RECORDED INFORMATION:
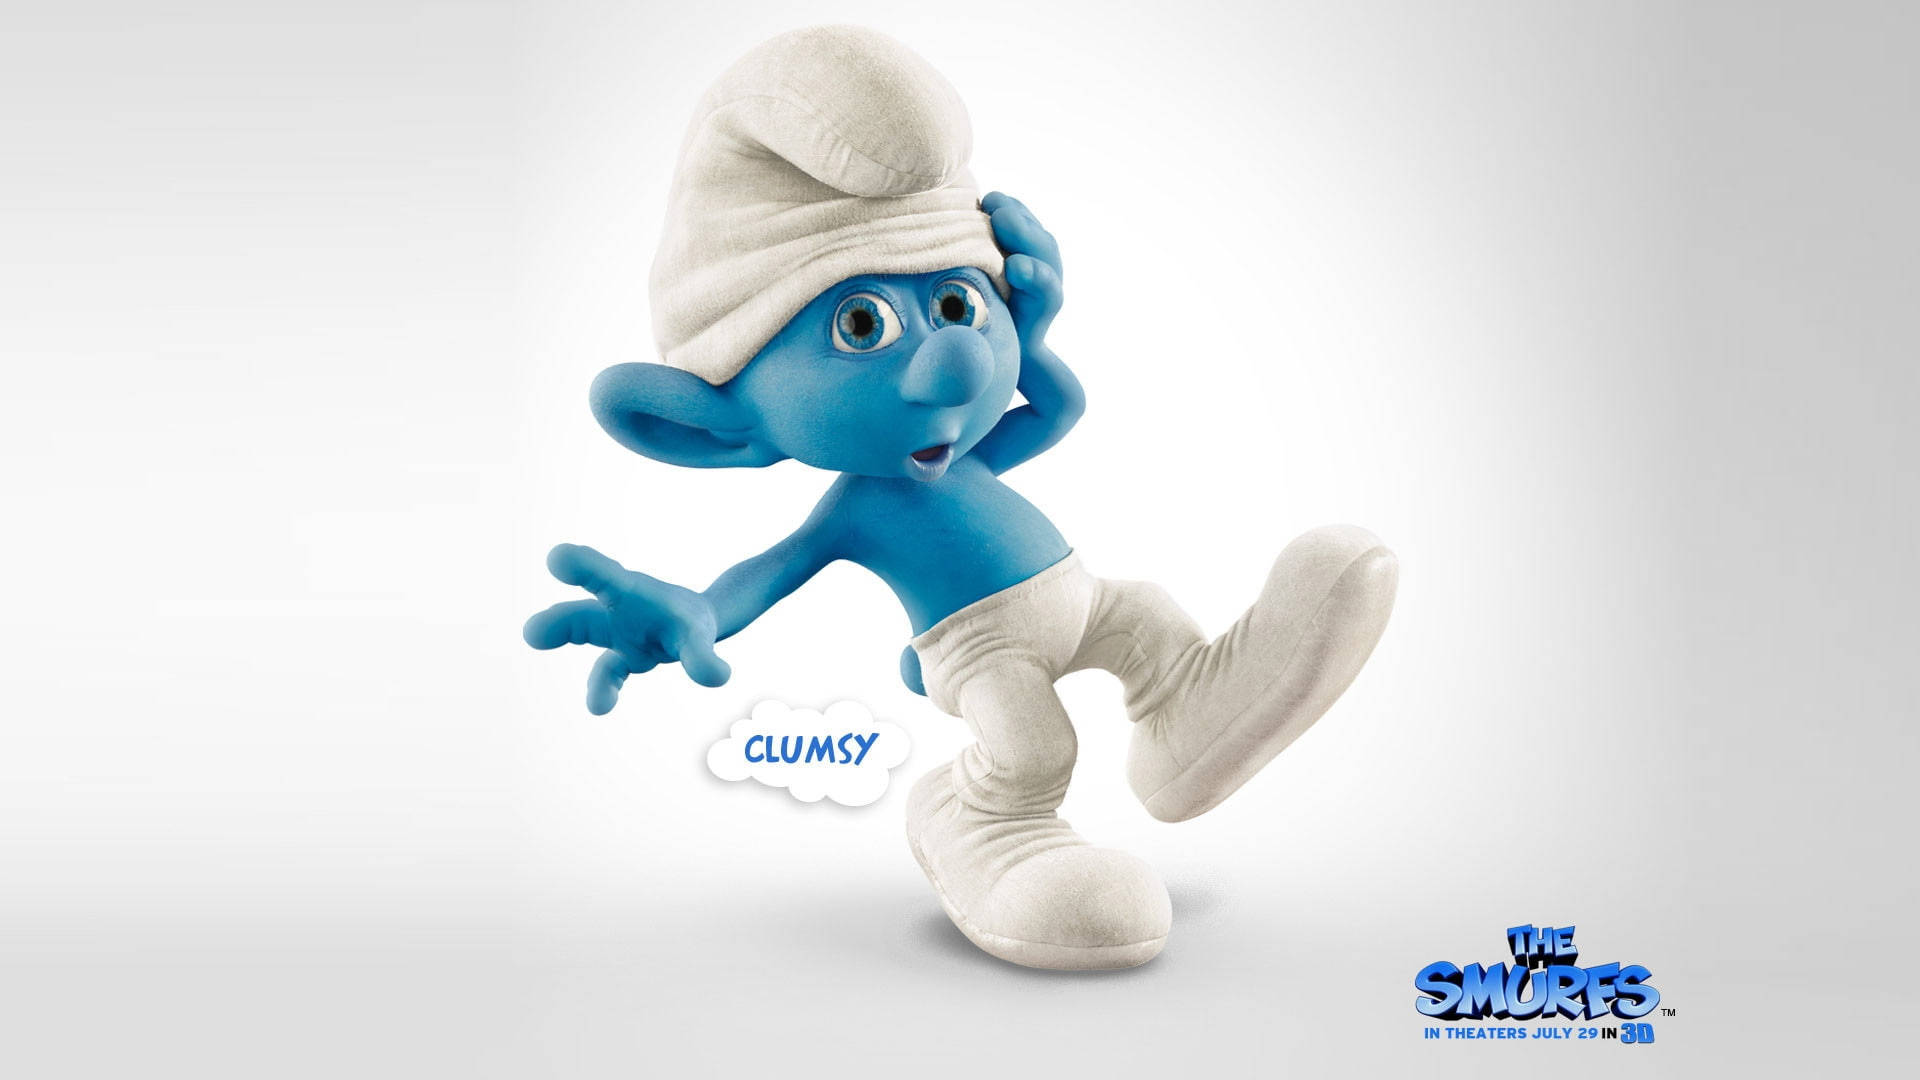 The Smurfs Clumsy Smurf
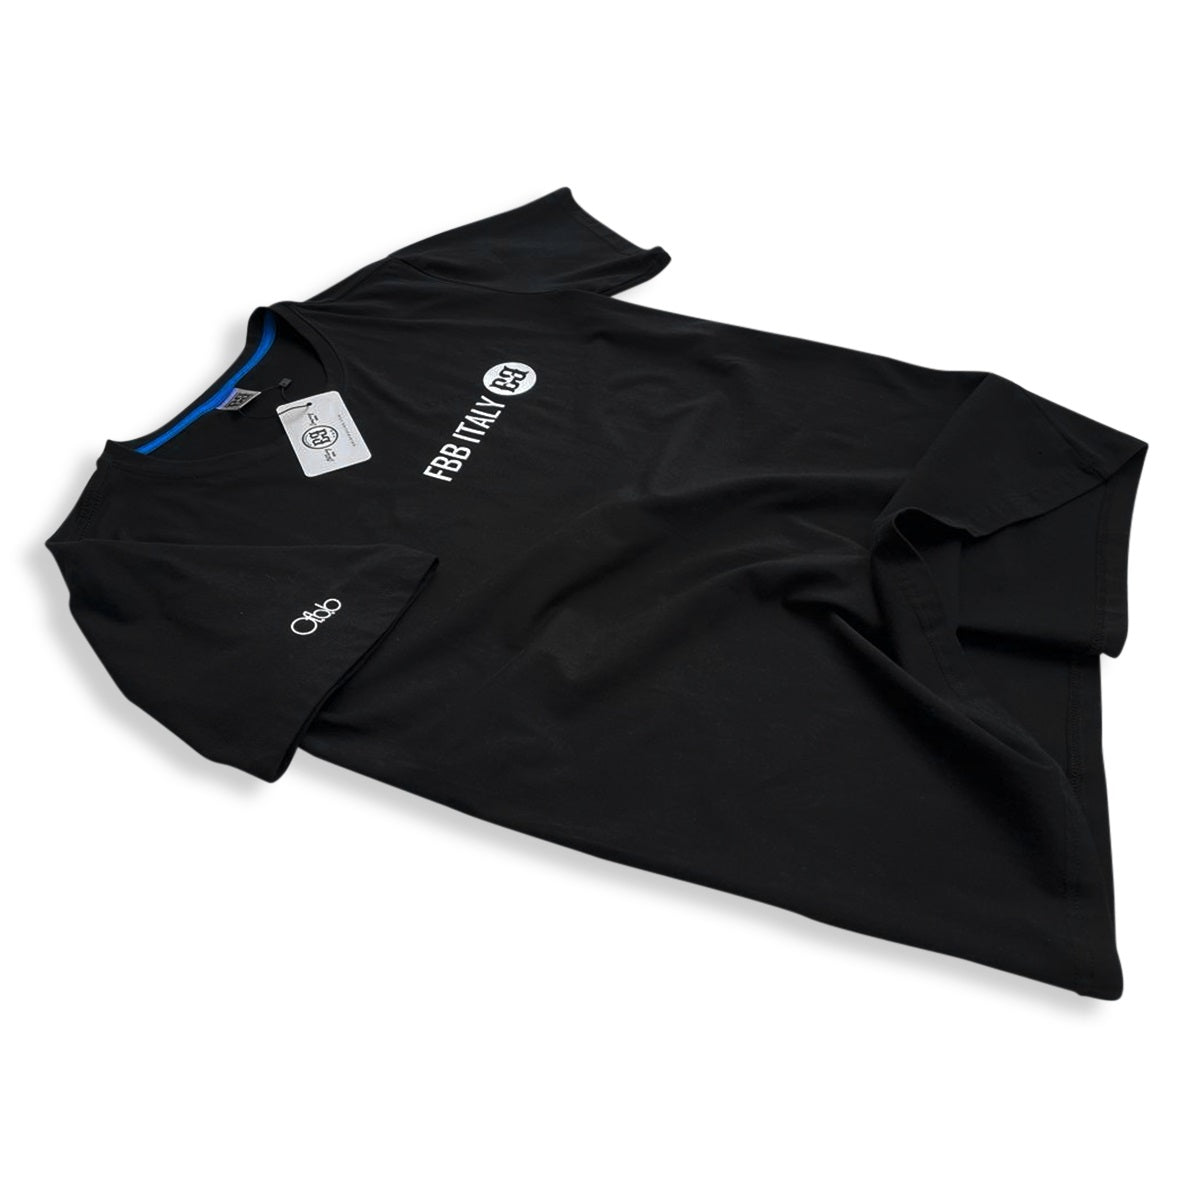 FBB ITALY Black T shirt, 3D Rubber logo
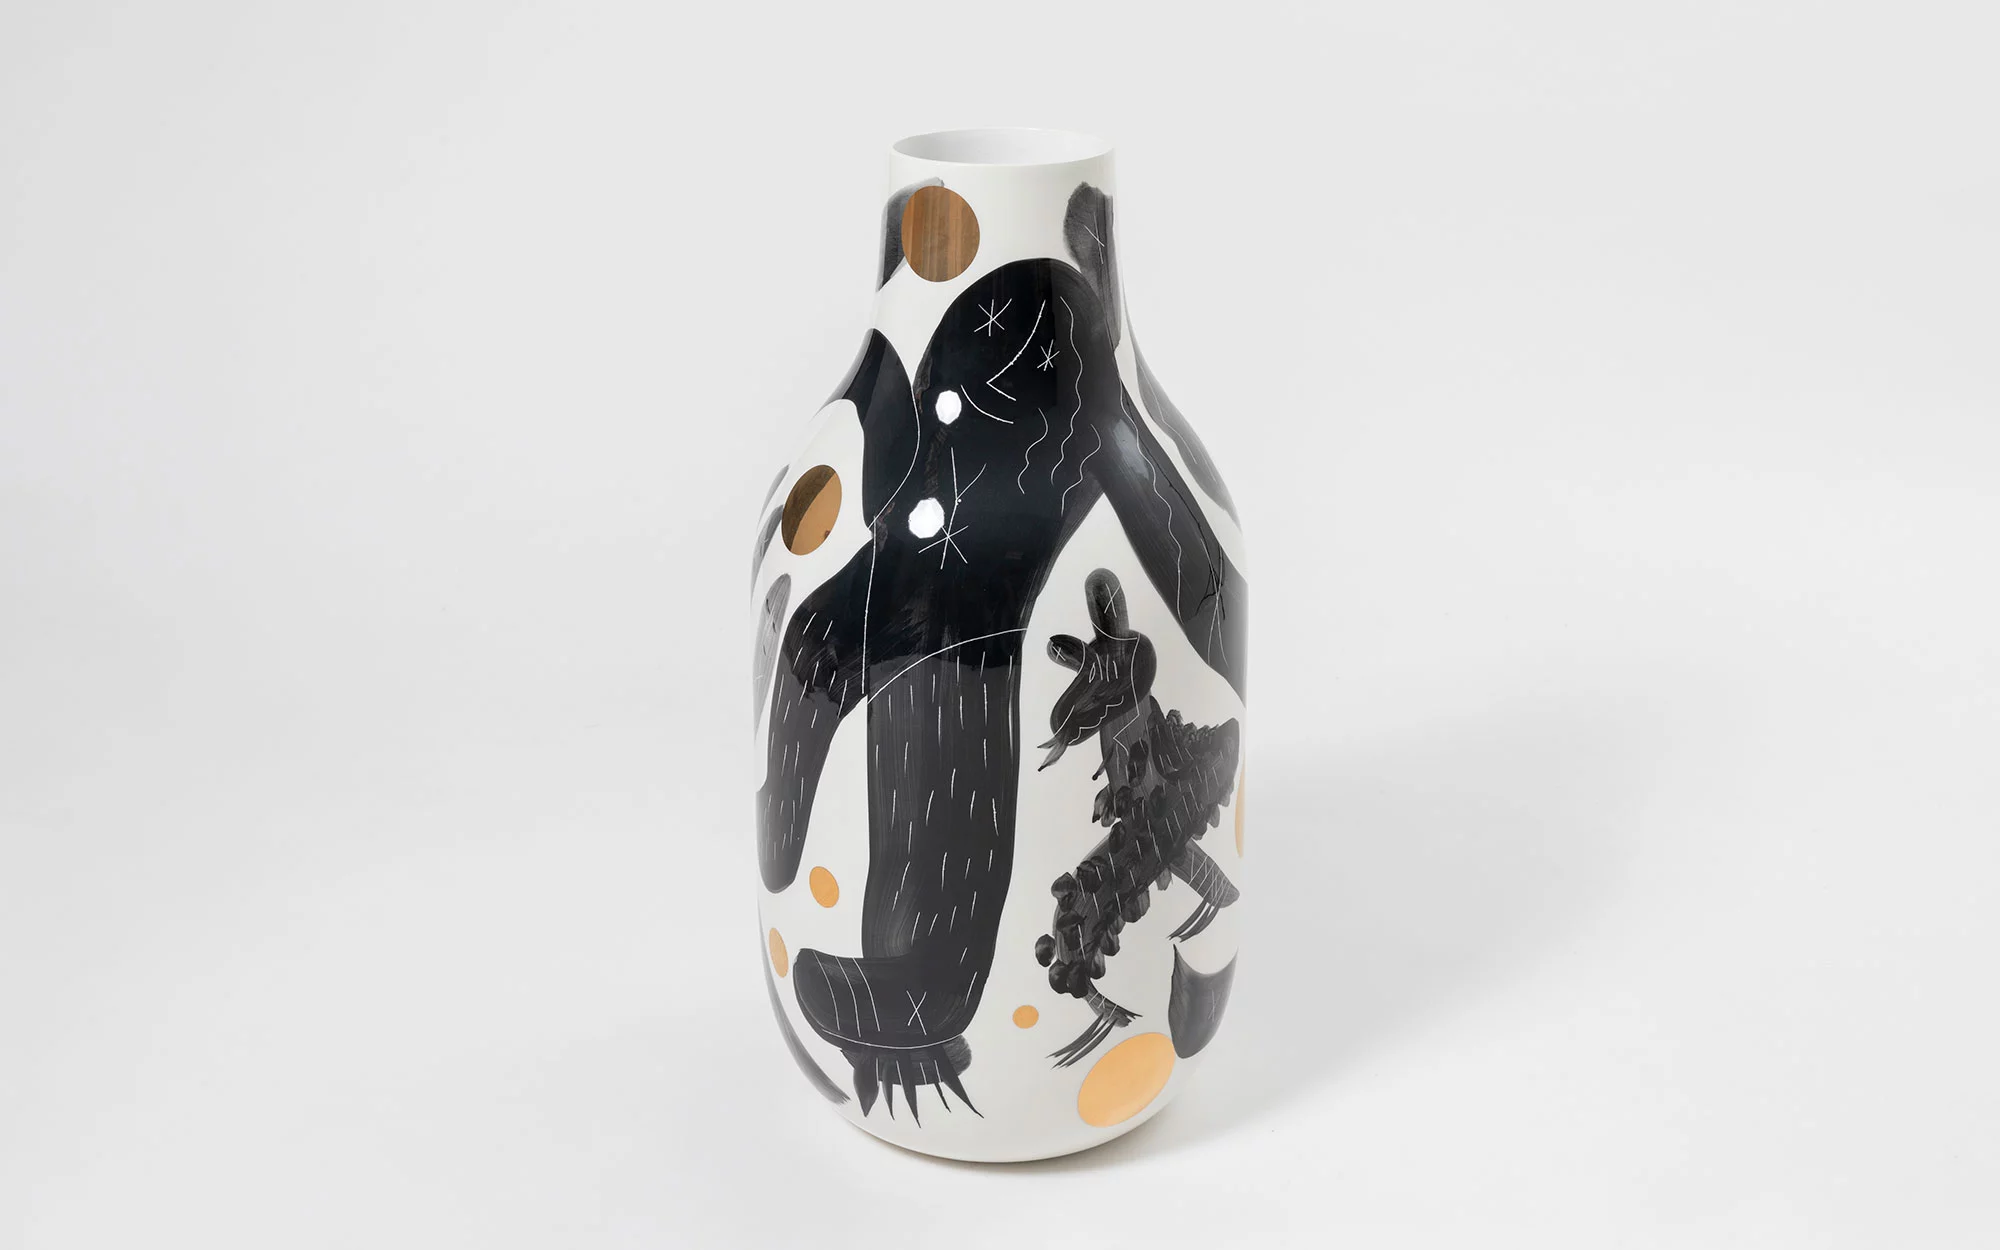 Chromatico Vase - Jaime Hayon - Wall light - Galerie kreo
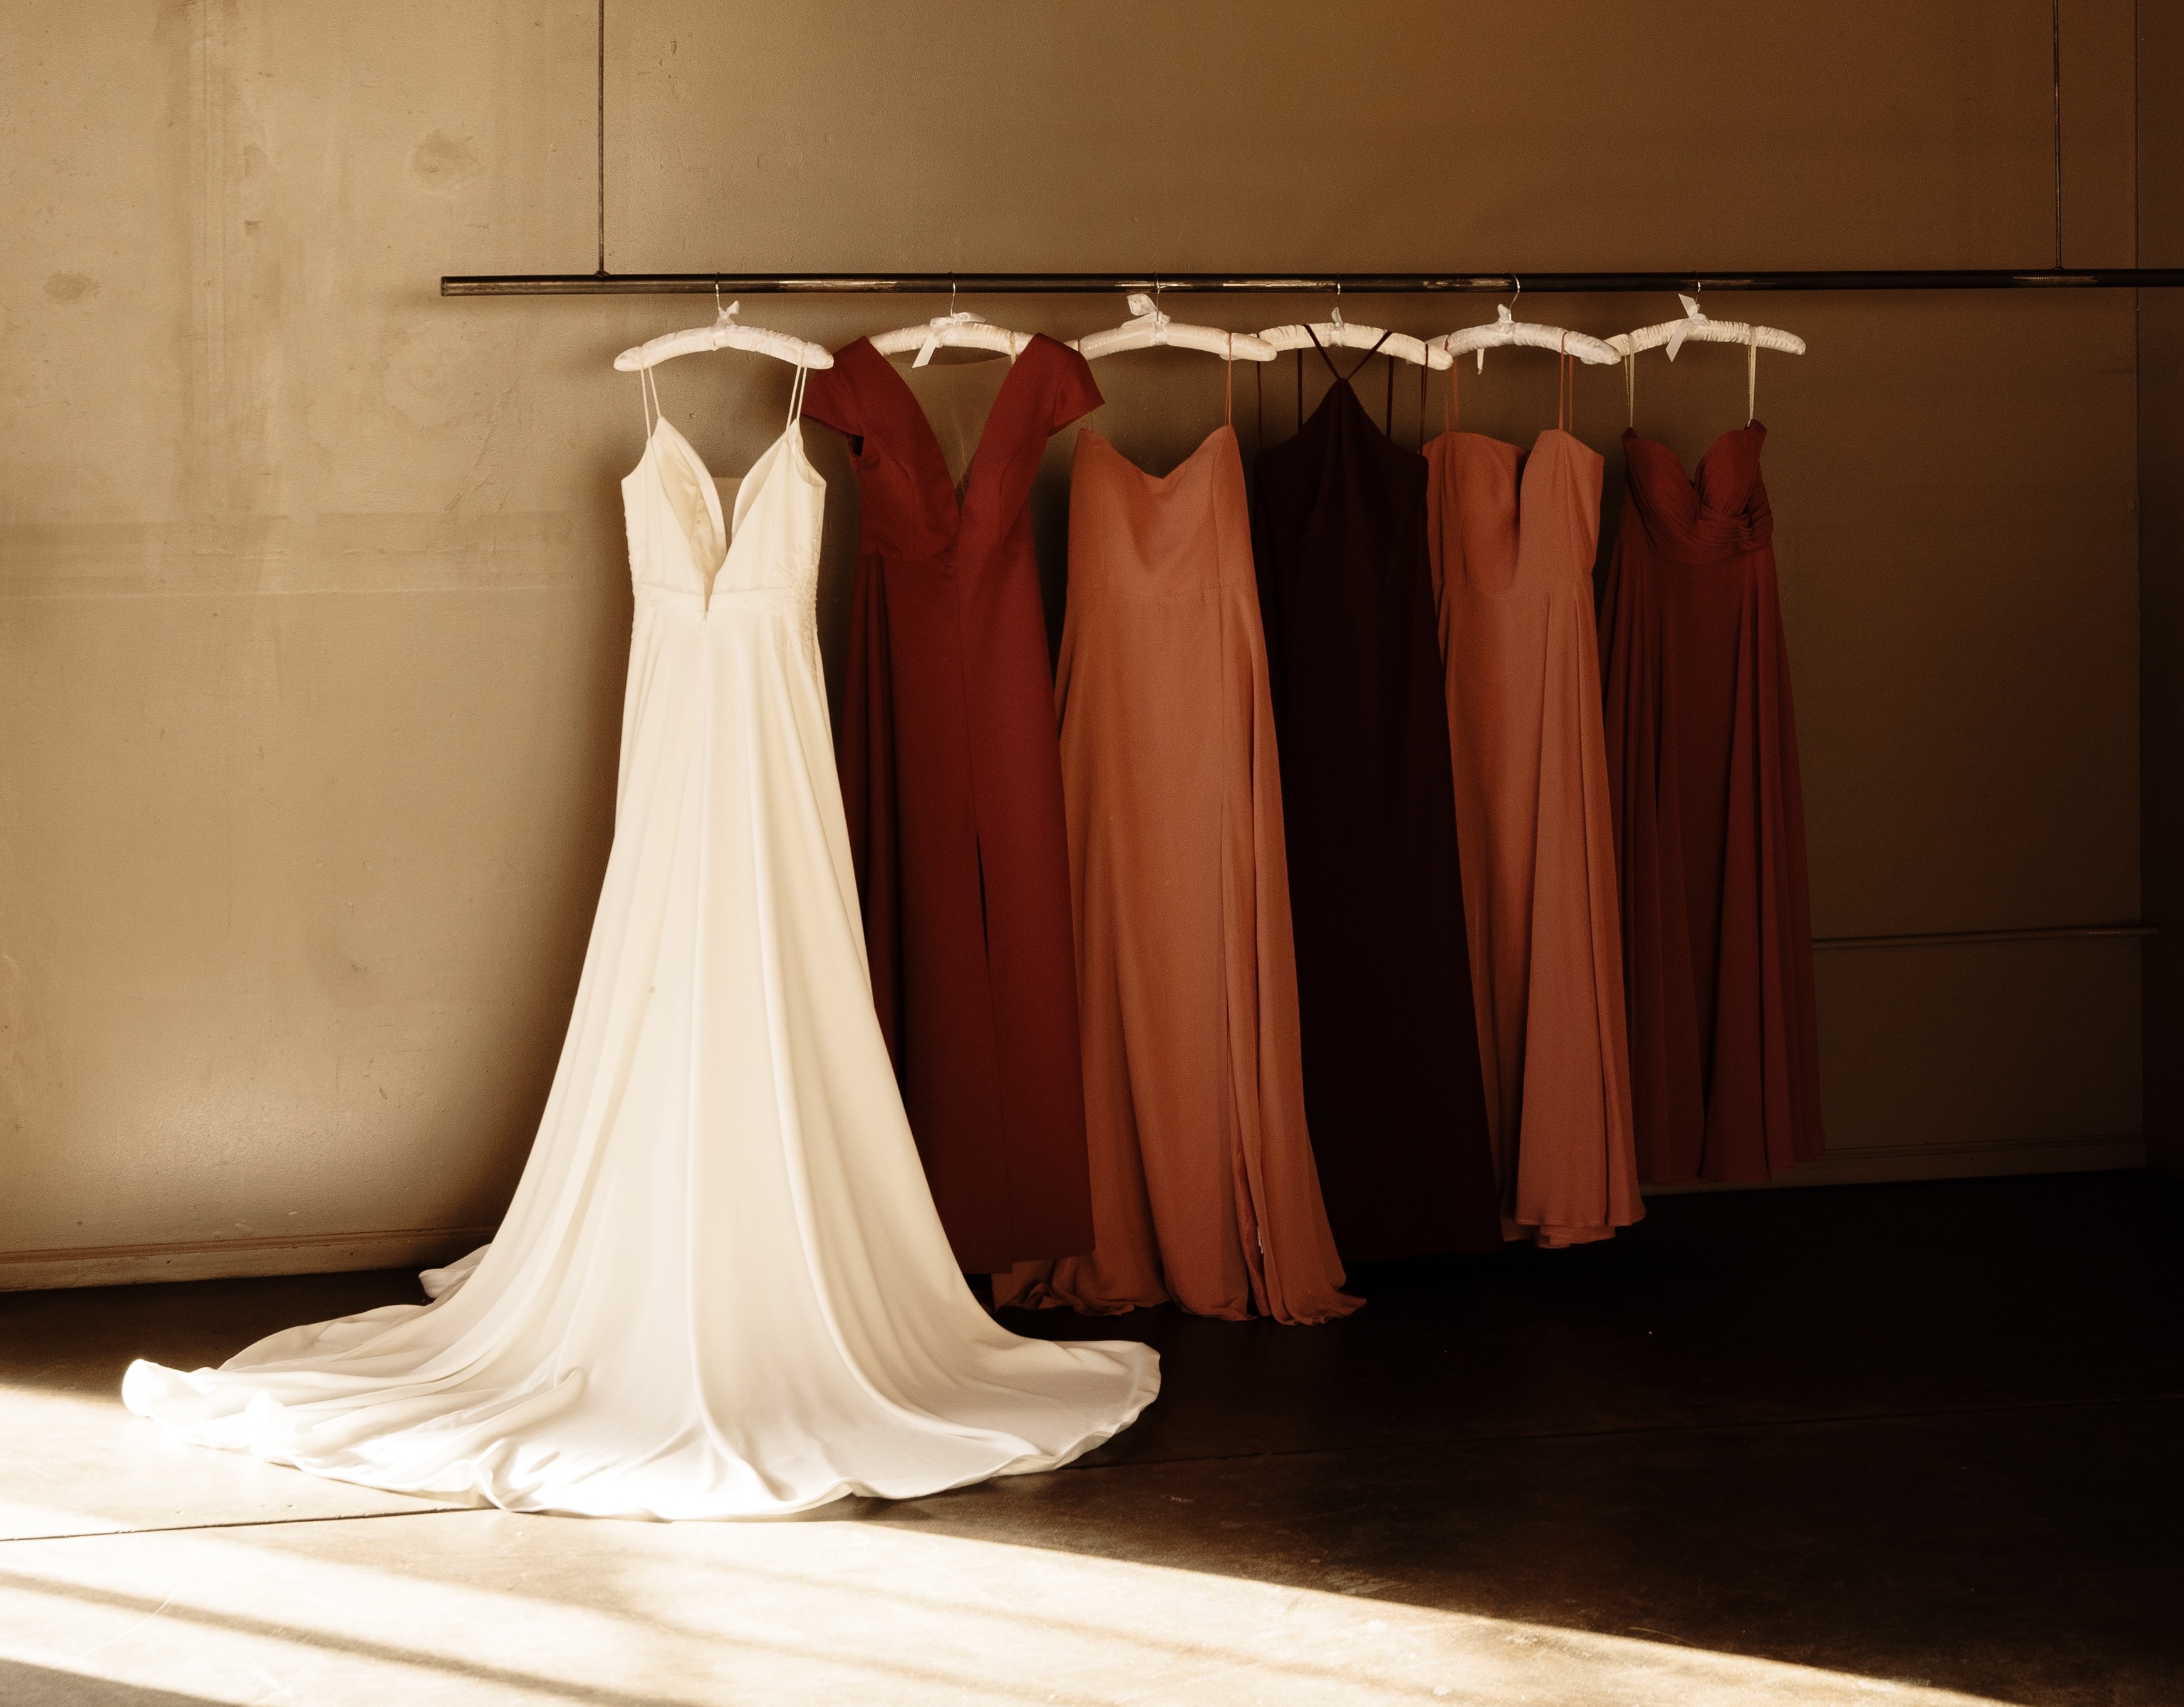 Guide to Wedding Dress Lengths - Zola Expert Wedding Advice

PROBLEM DETAILS: The data above should be repeated in full and exactly, with no pictures carried over.

ANSWER:
 The Smurfs Clumsy Smurf
 FBB ITALY Black T shirt, 3D Rubber logo
 Chromatico Vase - Jaime Hayon - Wall light - Galerie kreo
 Guide to Wedding Dress Lengths - Zola Expert Wedding Advice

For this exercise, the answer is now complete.